Male mouse skeletal muscle lacking HuR shows enhanced glucose disposal at a young age.

Introduction: Metabolic flexibility is the ability of a system to switch between metabolic substrates. Human and murine skeletal muscle tissues and cells with decreased activity of the regulatory RNA-binding protein, human antigen R (HuR), have decreased capacity for fat oxidation, and thus decreased metabolic flexibility. In this study, we aimed to assess the preference for carbohydrates in mice lacking HuR in skeletal muscle.

Methods: Experiments were performed on weight-matched control and HuR knockout mice of both sexes. Palmitate and pyruvate oxidation were performed in mouse muscle following the release of ¹⁴CO₂. In vivo glucose and lipid uptake were assayed in mouse tissue following nonmetabolizable ³H-2-deoxyglucose or ¹⁴C-bromopalmitate injection. Transcriptomic analyses were performed in the skeletal muscle of all mice, followed by qPCR validation of select genes. Serum lactate and glucose levels were measured in mice via tail nick, and the muscle glycogen level was measured through colorimetric assay. Indirect calorimetry was used to measure respiratory exchange ratios.

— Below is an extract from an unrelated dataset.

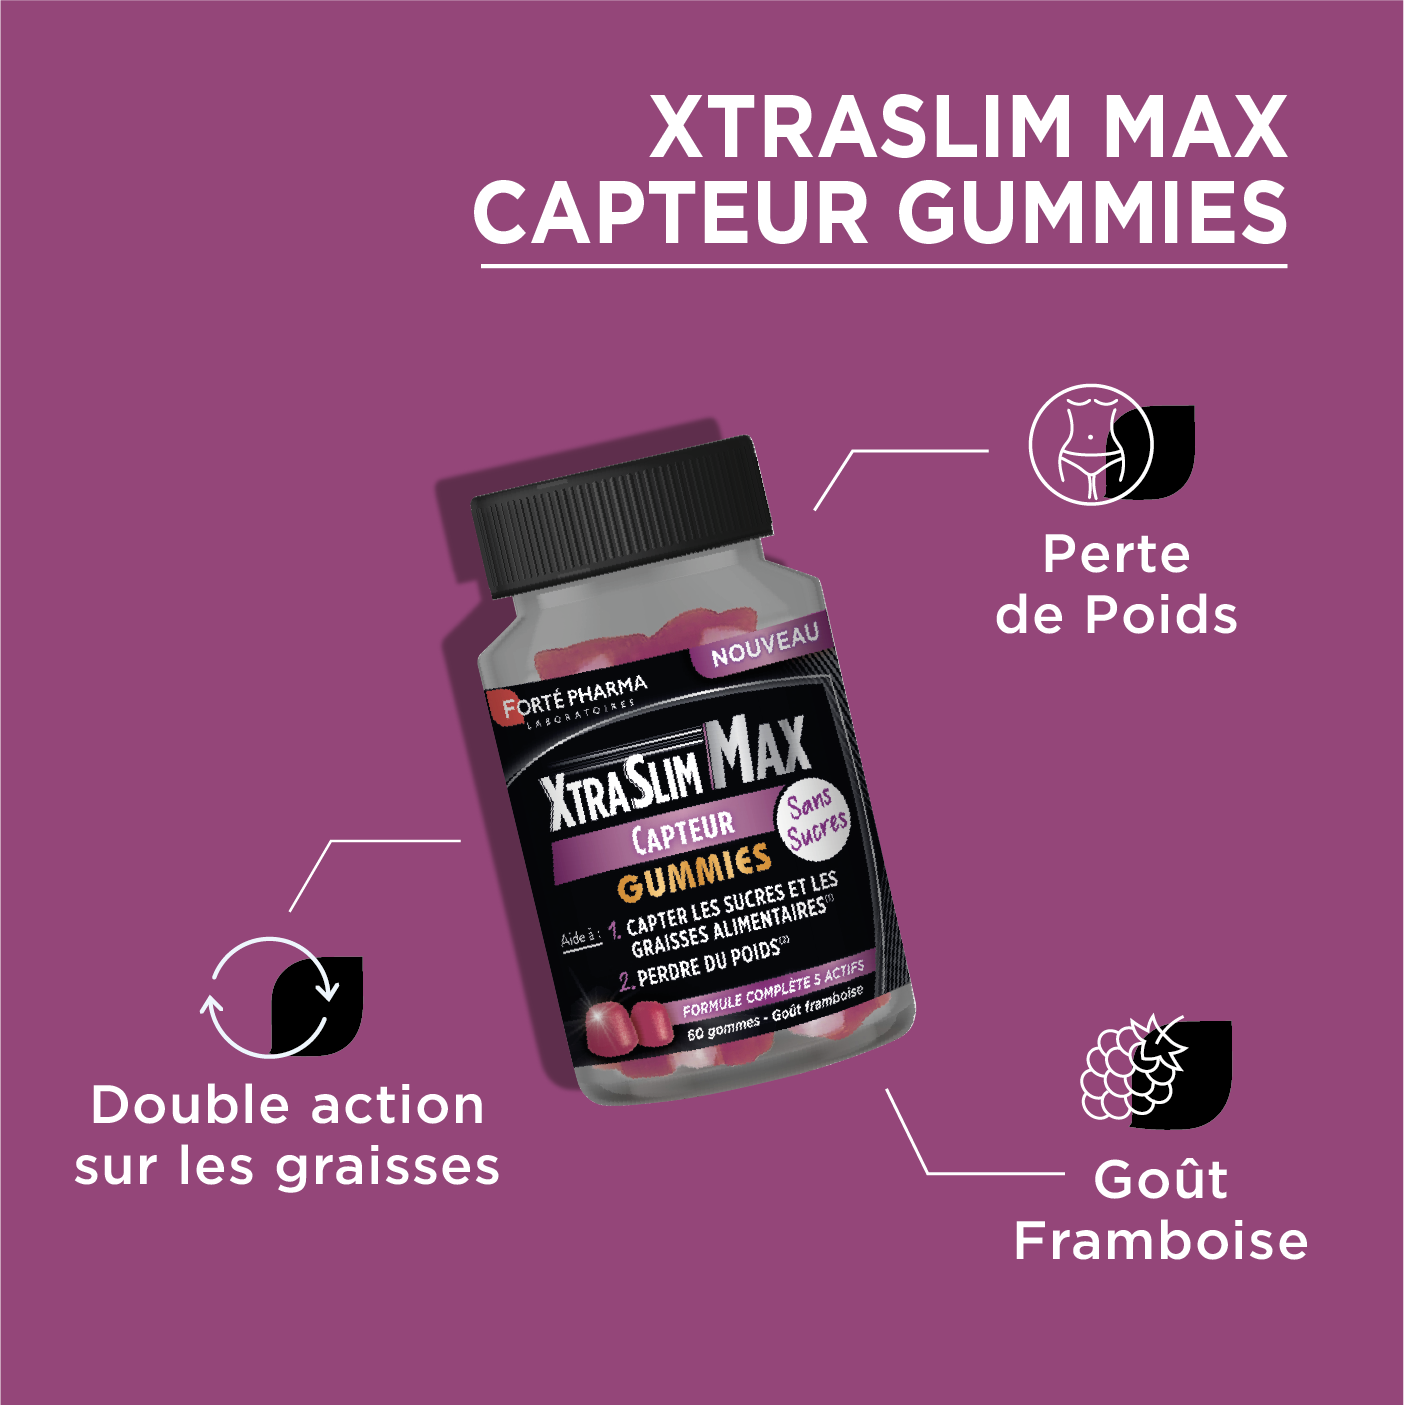 XtraSlim Max Capteur Gummies

Results: Male muscle-specific HuR knockout mice showed increased glucose uptake relative to controls, specifically in skeletal muscle, and have increased muscle glycogen content. These mice also displayed greater respiratory exchange ratios than controls. None of these differences were noted in females. Transcriptomics showed far more differences between male and female mice than between control and HuR knockout mice. However, differential gene expression between male and female mice was diminished by 50% following the removal of HuR. Male HuR knockout mouse skeletal muscle had increased glycolytic gene expression relative to controls but showed no difference relative to females of the same genotype. Both palmitate and pyruvate oxidation were decreased in the skeletal muscle of male HuR knockout mice relative to controls, and serum lactate levels were increased. No notable differences were seen in females between genotypes.

Discussion: The increase in the markers of glucose utilization with decreased HuR activity in male mice may indicate a switch toward glycolysis as compensation for decreased fat oxidation. These results continue to highlight a sex dependence on HuR as a driver of fat oxidation in mouse skeletal muscle while also indicating that muscle itself shows greater ambiguity between males and females following the removal of HuR.